A Los Angeles City Council committee today will take up a proposal to raise the minimum wage in Los Angeles to $13.25 an hour by 2017, as well as the possibility of increasing it to $15.25 an hour by 2019.
The wage hike plan was authored by council members Mike Bonin, Gil Cedillo, Nury Martinez and Curren Price Jr. and will be considered by the Economic Development Committee. It mirrors Mayor Eric Garcetti’s proposal for raising the minimum hourly wage in the city to $13.25 over the next three years, and to peg it to the consumer price index afterward.
The additional increase to $15.25 is being pushed by labor-affiliated groups like Los Angeles Alliance for a New Economy and the Los Angeles Federation of Labor. Under the council’s wage hike motion, which was seconded by Councilmen Paul Koretz and Paul Krekorian, panels such as the one meeting today would be tasked with studying how the city might increase the wage to $15.25 an hour.
The authors of the motion said earlier this month they hope a proposed ordinance comes before the full council by January.
Supporters of the wage hike say it will help those living poverty, while those pushing for a further increase to $15 an hour say the 46 percent of workers in Los Angeles, or about 810,000 people, who make less than that do not earn enough to cover basic necessities.
But business groups, led by the Los Angeles Area Chamber of Commerce, oppose the mayor’s minimum-wage boost and say it would result in job losses.

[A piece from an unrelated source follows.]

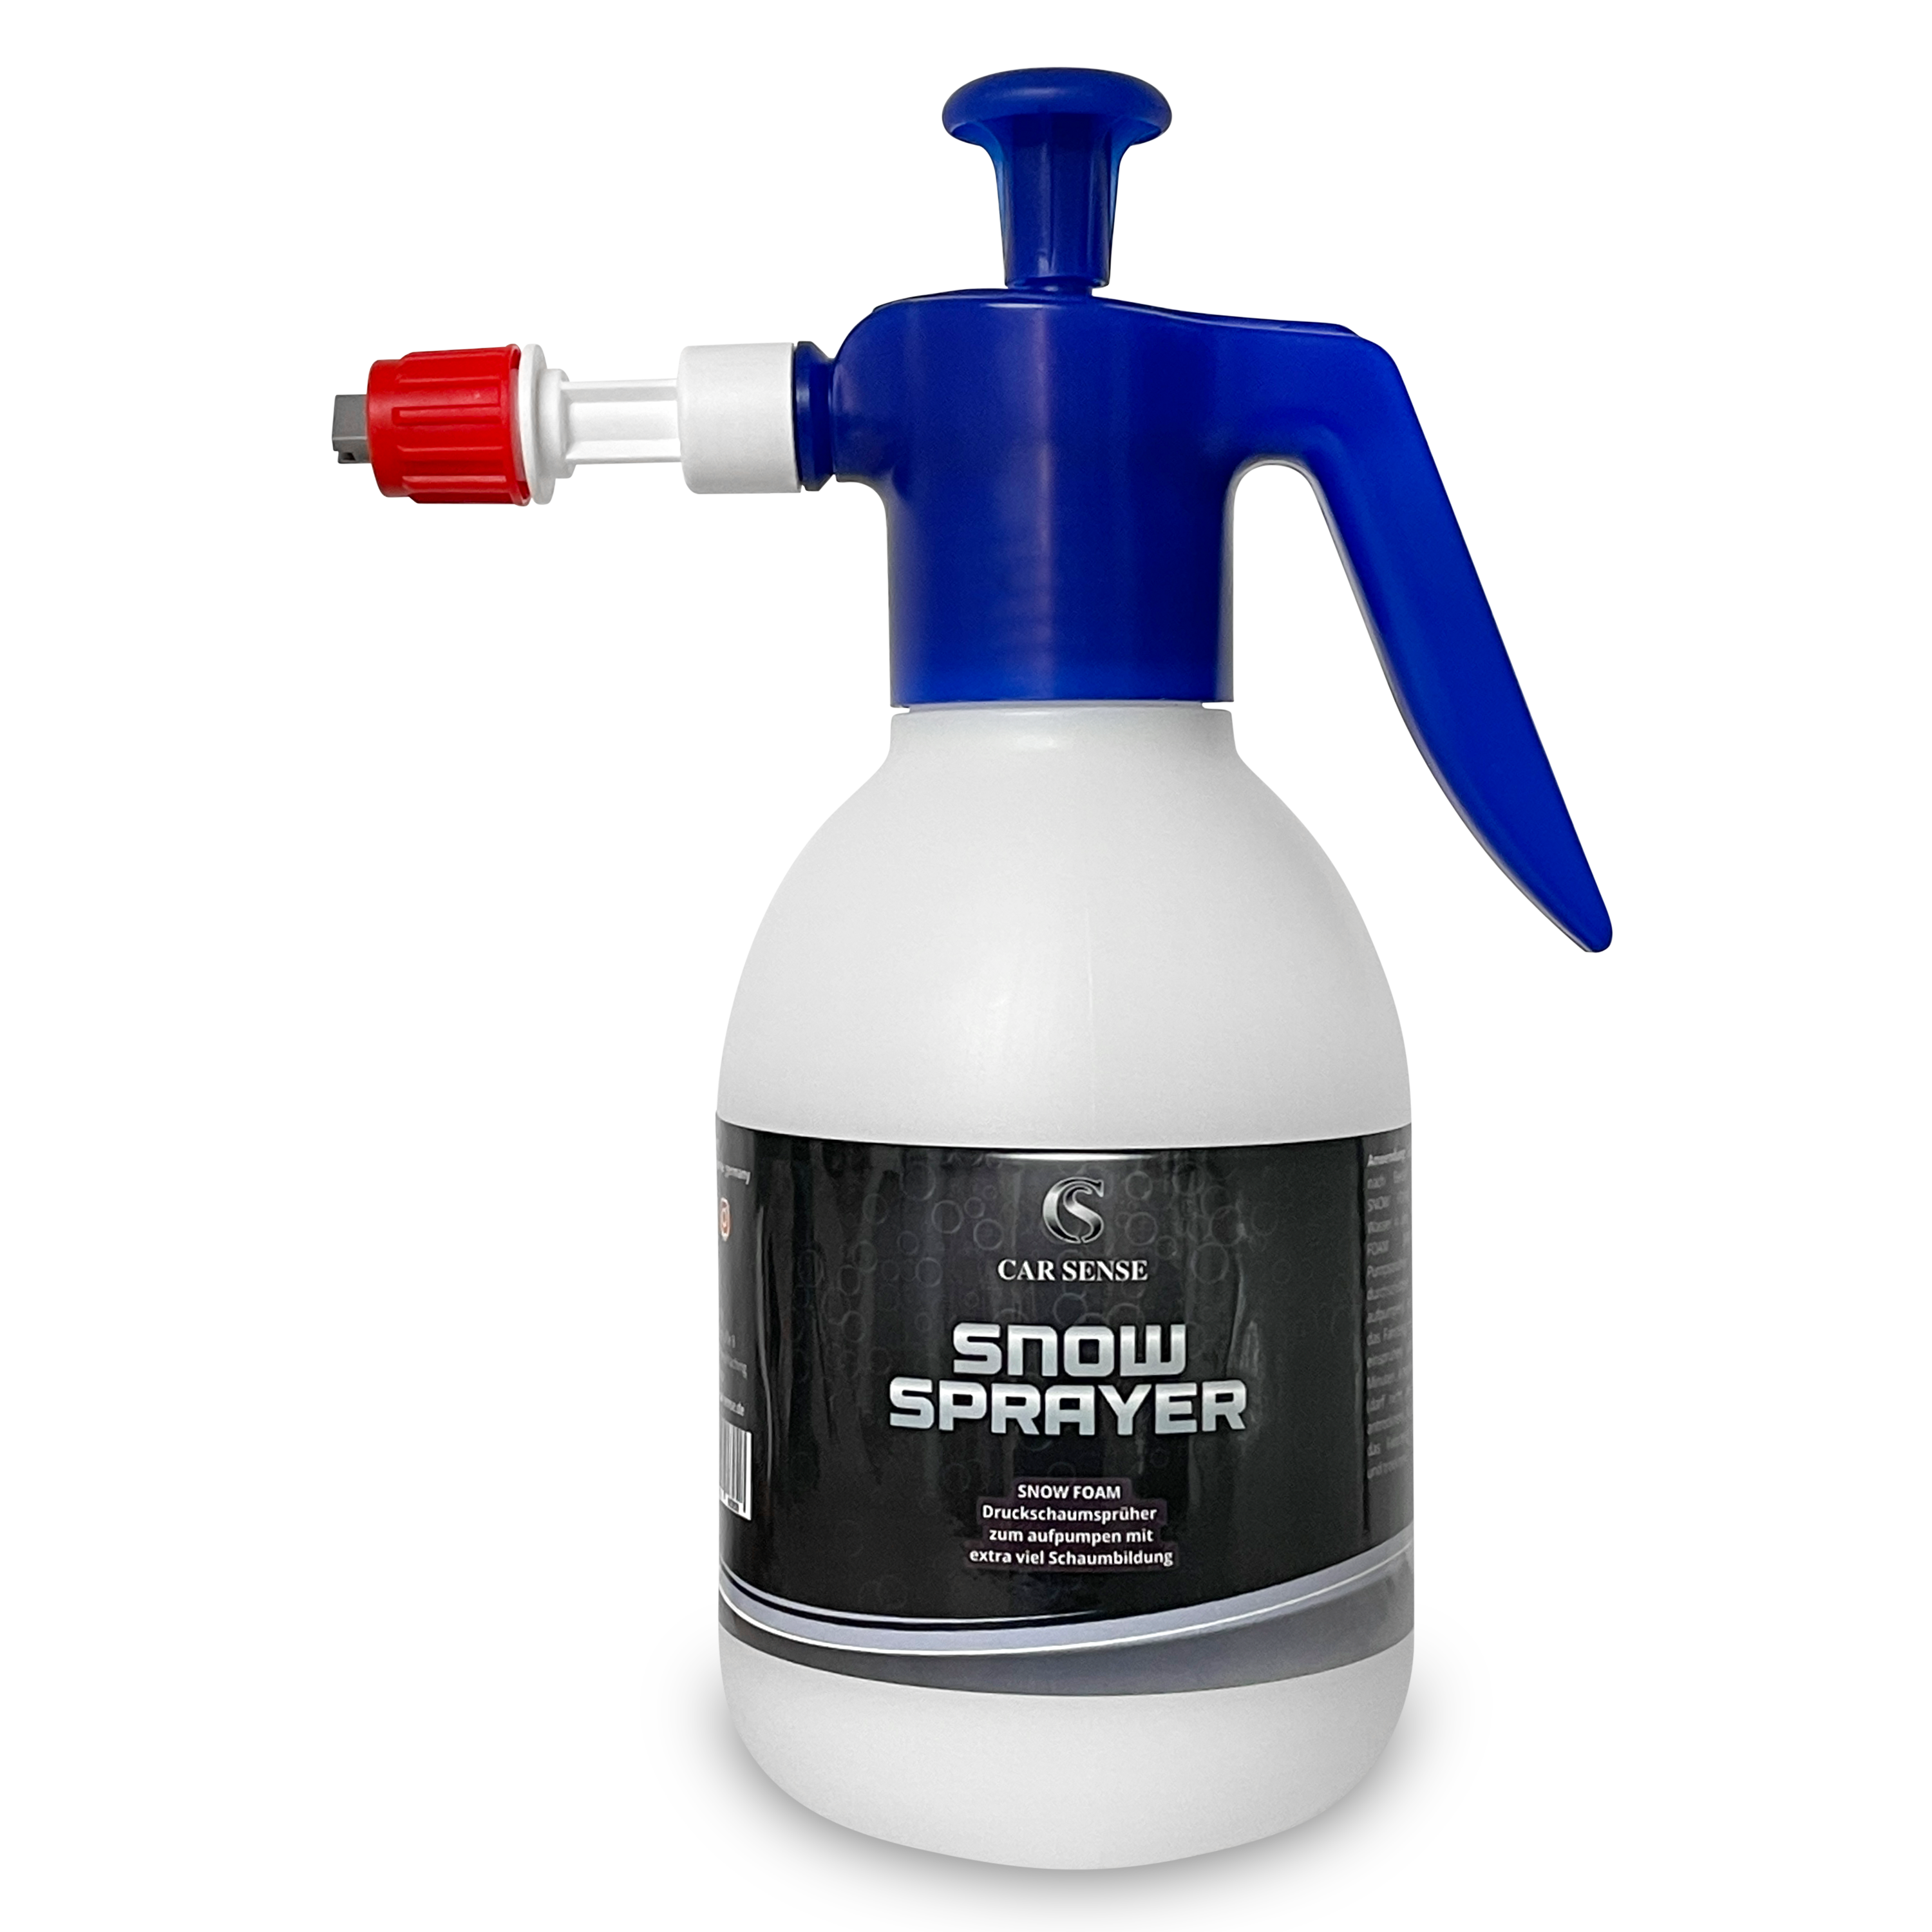 Car Sense Snow Sprayer Pumpflasche der Car Sense Schaum-Druckschaumsprüher

The council’s minimum wage hike proposal also drew skepticism from some members of the City Council, including five who introduced a motion last week calling for additional scrutiny of the economic impacts.
Councilman Mitch O’Farrell, one of the motion’s authors, said that while he supports efforts to raise the minimum wage, “the conversation about imposing an increase needs to be elevated and expanded.”
“It is critical we do everything we can to help lift people out of poverty. It is equally critical we do so in a thoughtful and balanced way,” he said.
That minimum wage hike motion relied solely on a study released in September by UC Berkeley economists, and the Economic Development Committee today will consider the motion by O’Farrell, Bob Blumenfield and three other council members calling for a study on how raising the minimum wage would affect small businesses, nonprofits and startups. Their motion asks to exempt certain industries, including nonprofits, from the wage hike.
O’Farrell said he met with people who run small businesses, and they told him increasing the minimum wage could force them out of business.
Councilwoman Nury Martinez and Councilman Paul Krekorian, both of whom signed onto the earlier minimum wage proposal, are among those now also asking for an economic analysis.
The state minimum wage of $9 an hour is set to rise to $10 in January 2016. But for thousands of workers at non-union Los Angeles hotels with 300 or more rooms, the minimum wage is scheduled to jump to $15.37 an hour on July 1 under an ordinance recently approved by the City Council. Hotels with at least 150 rooms will be required to match that raise, starting July 1, 2016.